- Portrayed by: Brett Cousins
- Duration: 1997–1998
- First appearance: 9 April 1997
- Last appearance: 26 June 1998
- Introduced by: Stanley Walsh

= Ben Atkins =

Ben Atkins is a fictional character from the Australian soap opera Neighbours, played by Brett Cousins. He made his first appearance during the episode broadcast on 9 April 1997. He departed on 22 May 1998, before making a two-episode guest appearance the following month.

==Casting==
Cousins had previously appeared in a 50-word guest role not long after he graduated from Deakin University in 1996. Several months later, he went up for the role of Ben and admitted that he "could hardly believe it" when he was told he had the part of Ben, the illegitimate son of Ruth Wilkinson (Ailsa Piper). He told Caron James of TV Week: "It's a big jolt. I've been used to leading a student's life until now. But I enjoy it so much. I can get up at 5 am with a smile on my face, and I sail into work every morning." He made his first appearance as Ben on 9 April 1997.

Cousins became "a local hero" following his casting, as the show is filmed in his home city of Melbourne. He developed a close bond with Piper, and he described her as his surrogate mother. He explained: "When I got the part, everyone told me how vicious and cut-throat the TV industry was.
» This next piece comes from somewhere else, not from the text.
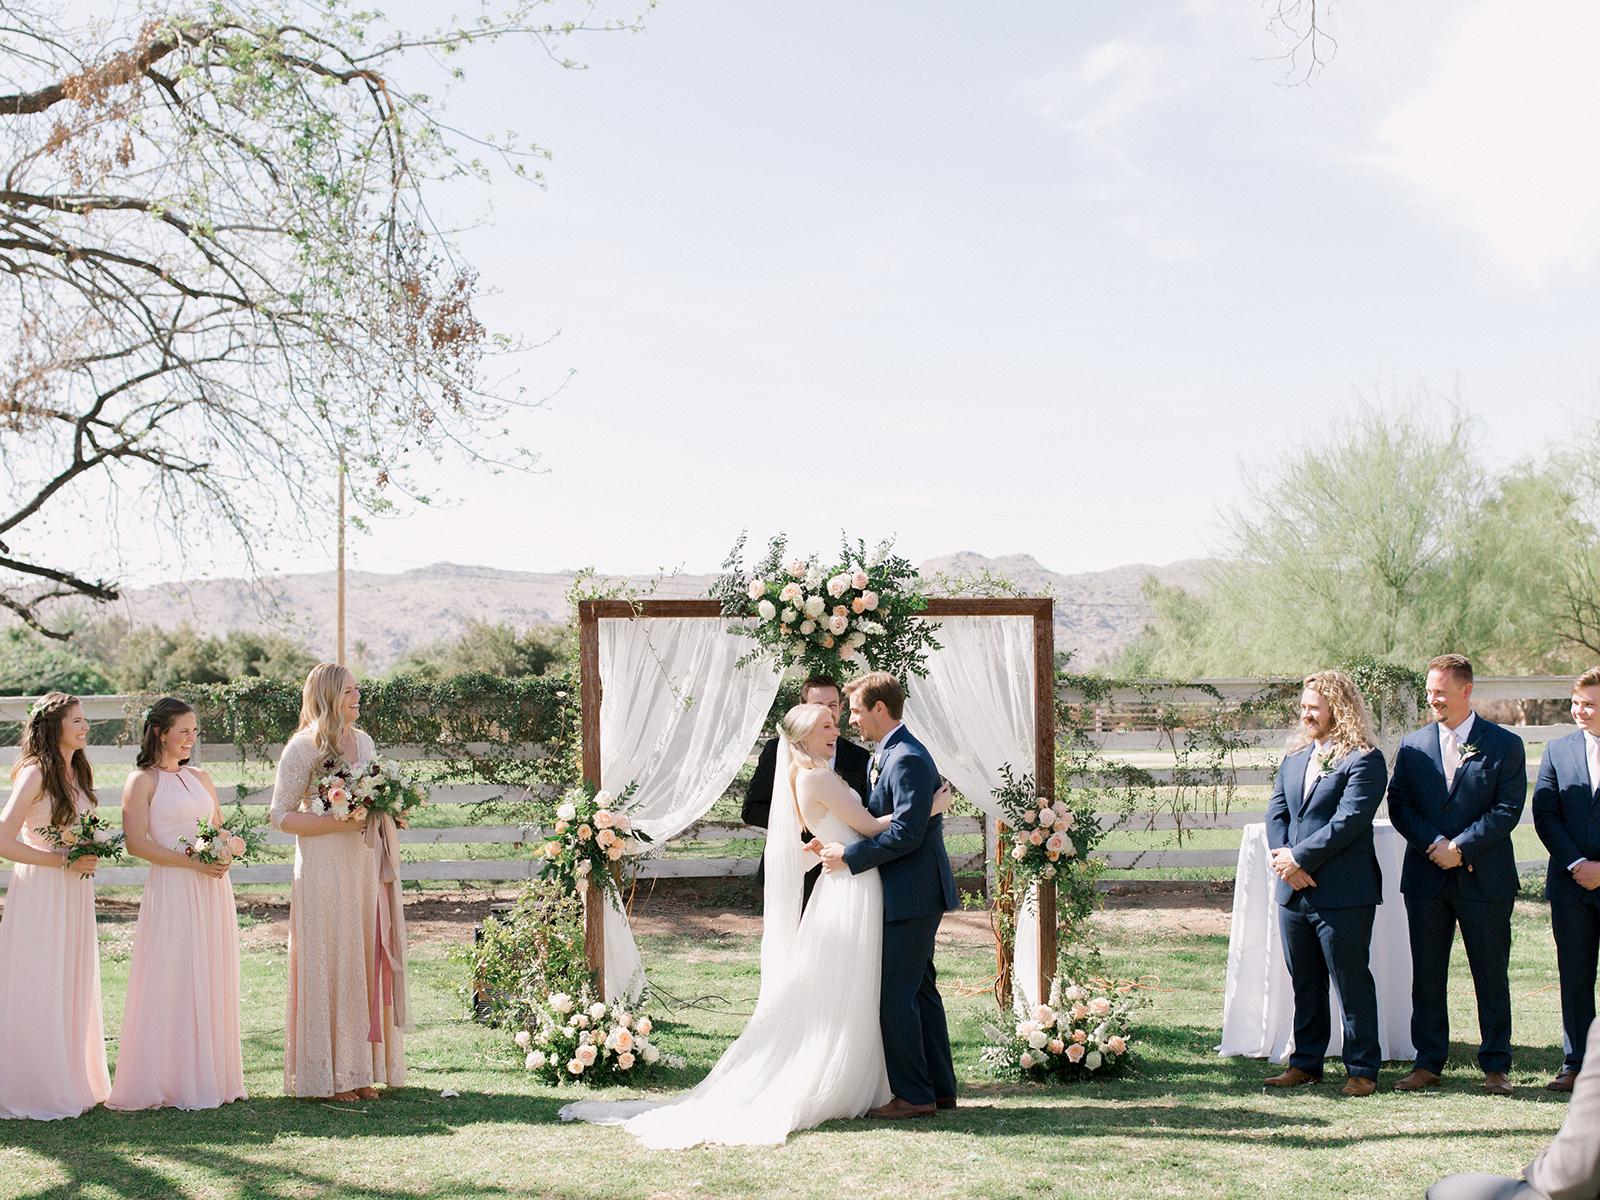 Lukas Wedding - Ceremony-168.jpg

But when I arrived at the studio on my first day, Ailsa ran up to me, gave me this huge hug and said 'Welcome!'. It was definitely a great start!" In a 1998 interview with a reporter from The Weekly News, Cousins revealed how winning the role of Ben left him feeling under constant pressure. He found it difficult to cope with the fame and recognition. He also had to quit his job of teaching abseiling because his work on Neighbours took up too much of his time.

==Development==
Following his arrival, Ben moves into Number 30 Ramsay Street and he hides a secret, which has something to do with Ruth Wilkinson (Piper). It was later revealed that Ruth was Ben's biological mother. Piper was surprised by the development, saying "I'll never forget the time they told me I was going to have a 21-year-old son and I'd been pregnant at 16. I'd been hiding it all this time." Piper liked that the storyline led to some "meaty scenes" between Ruth and Ben, and that another side to her character was finally shown.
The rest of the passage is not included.